### Task to complete
Print the data exactly. Omit the pictures.

### Exercise data
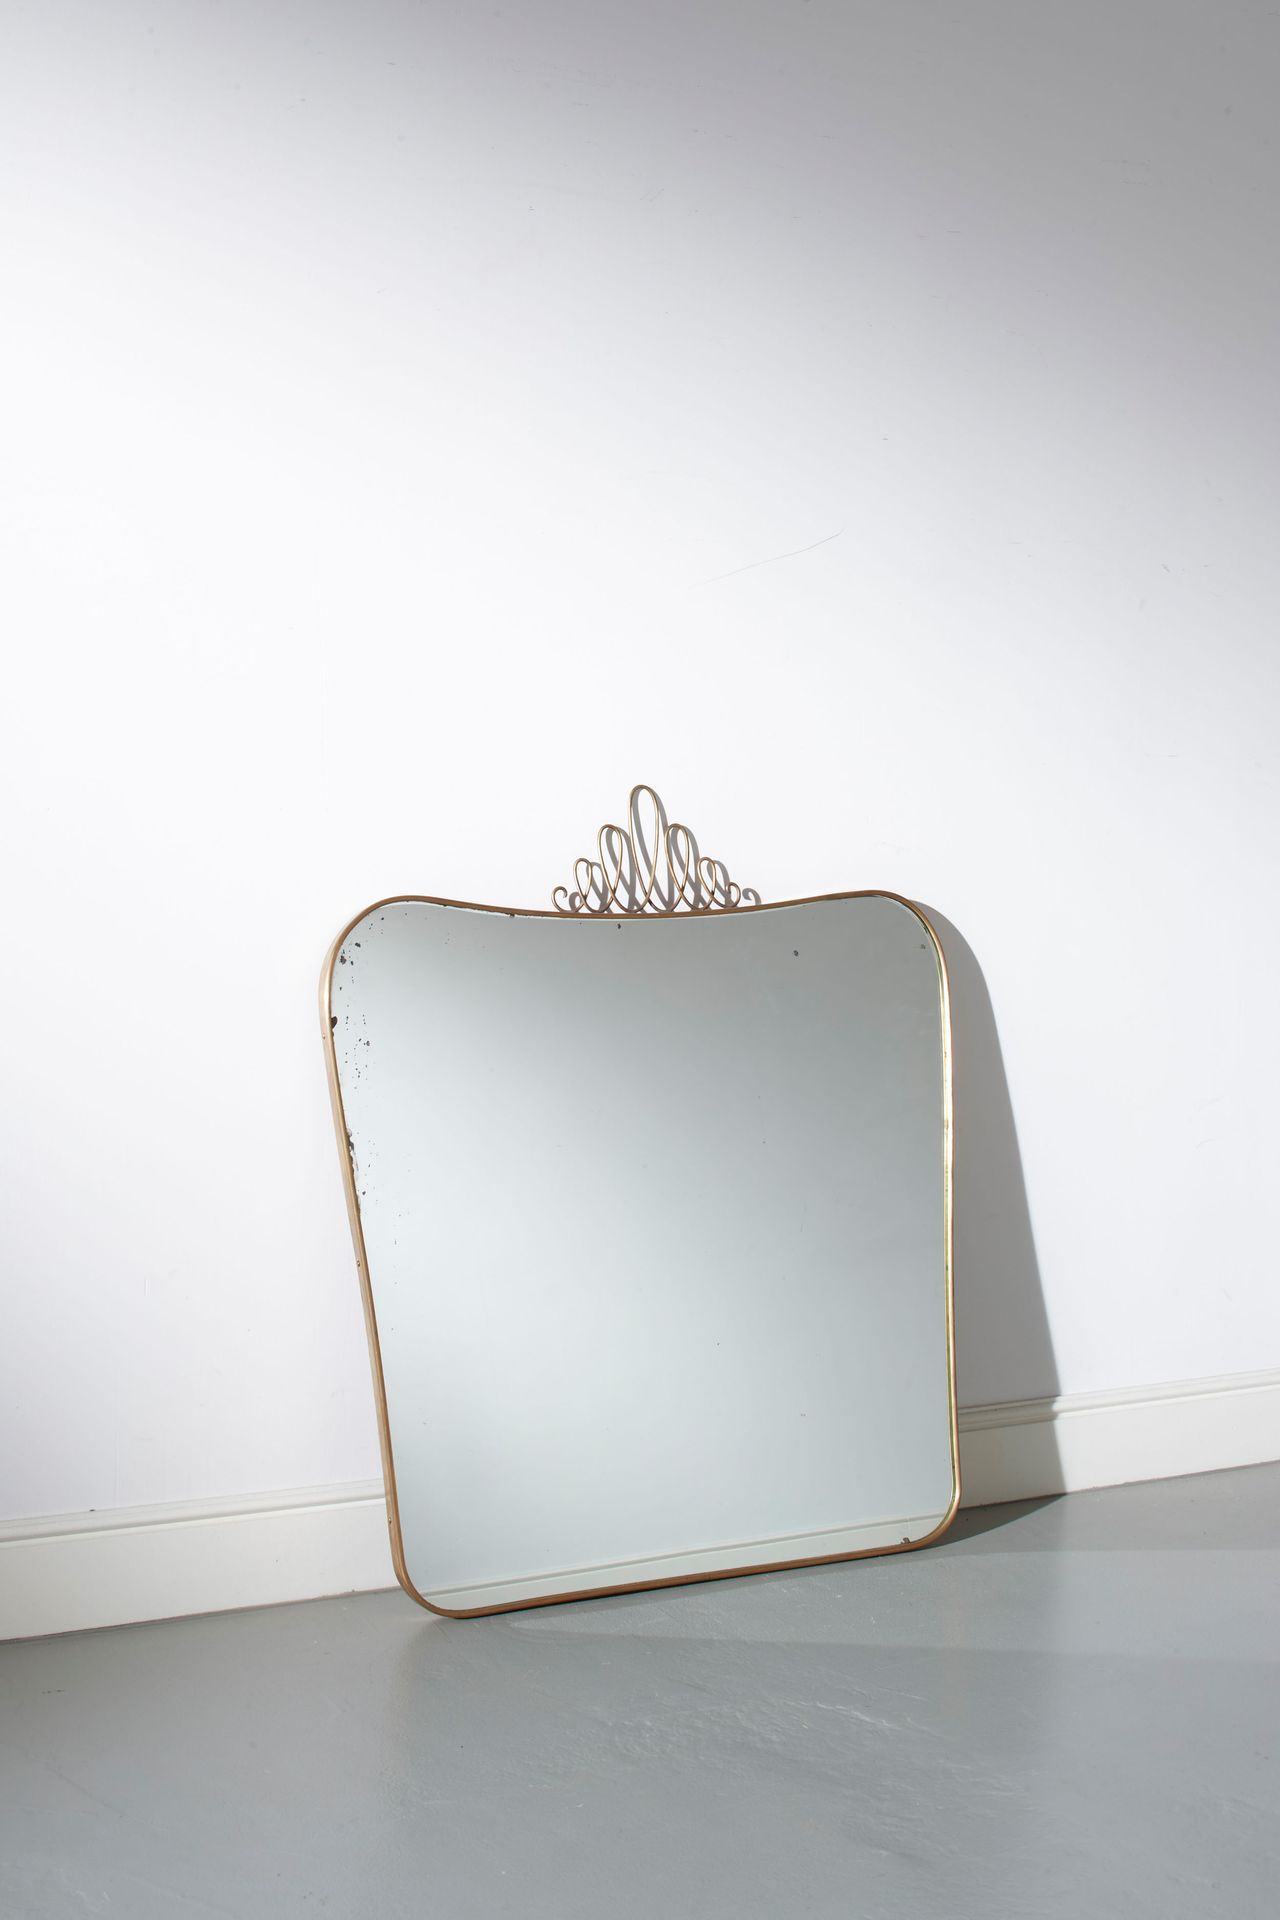 Manifattura Italiana 镜子。黄铜，镜面水晶。意大利 1950年代。
cm 92x80x3
AN ITALIAN MIRROR



整体状况&hellip;

### Answer to this exercise
 Manifattura Italiana 镜子。黄铜，镜面水晶。意大利 1950年代。
cm 92x80x3
AN ITALIAN MIRROR



整体状况&hellip;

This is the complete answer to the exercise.